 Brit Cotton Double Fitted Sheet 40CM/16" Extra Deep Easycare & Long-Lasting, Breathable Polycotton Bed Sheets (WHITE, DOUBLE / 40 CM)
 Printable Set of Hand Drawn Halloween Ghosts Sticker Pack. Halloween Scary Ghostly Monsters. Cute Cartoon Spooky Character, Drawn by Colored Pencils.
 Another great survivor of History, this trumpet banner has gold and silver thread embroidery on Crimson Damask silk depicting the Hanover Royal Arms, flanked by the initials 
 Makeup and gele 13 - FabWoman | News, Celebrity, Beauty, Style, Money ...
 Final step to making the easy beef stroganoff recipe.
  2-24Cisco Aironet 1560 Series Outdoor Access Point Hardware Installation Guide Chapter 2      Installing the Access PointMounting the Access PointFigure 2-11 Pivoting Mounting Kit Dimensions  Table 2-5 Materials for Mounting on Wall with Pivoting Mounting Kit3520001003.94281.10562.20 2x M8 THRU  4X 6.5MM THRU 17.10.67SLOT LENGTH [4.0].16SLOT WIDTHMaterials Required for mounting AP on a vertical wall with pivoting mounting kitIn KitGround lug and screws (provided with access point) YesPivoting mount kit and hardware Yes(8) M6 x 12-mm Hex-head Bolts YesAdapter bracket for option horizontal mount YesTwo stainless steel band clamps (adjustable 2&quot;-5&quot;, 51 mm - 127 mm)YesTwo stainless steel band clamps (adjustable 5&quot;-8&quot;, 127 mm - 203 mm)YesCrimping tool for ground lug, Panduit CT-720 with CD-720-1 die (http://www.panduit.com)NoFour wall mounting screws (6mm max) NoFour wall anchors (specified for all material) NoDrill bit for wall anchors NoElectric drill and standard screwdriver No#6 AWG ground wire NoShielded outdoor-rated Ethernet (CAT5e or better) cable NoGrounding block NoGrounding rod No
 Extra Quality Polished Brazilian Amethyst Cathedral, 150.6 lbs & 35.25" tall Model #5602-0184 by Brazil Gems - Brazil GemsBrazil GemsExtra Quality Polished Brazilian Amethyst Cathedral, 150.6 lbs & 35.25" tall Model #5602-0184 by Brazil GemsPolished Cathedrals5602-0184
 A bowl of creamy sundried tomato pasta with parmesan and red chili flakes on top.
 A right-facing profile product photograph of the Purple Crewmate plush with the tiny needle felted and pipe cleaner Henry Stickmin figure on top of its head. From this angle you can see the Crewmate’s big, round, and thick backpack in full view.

## Task details
Return, word for word, the lines of the data above from the line with "Makeup and gele" through the line with "Final step to", inclusive.

## Response area
 Makeup and gele 13 - FabWoman | News, Celebrity, Beauty, Style, Money ...
 Final step to making the easy beef stroganoff recipe.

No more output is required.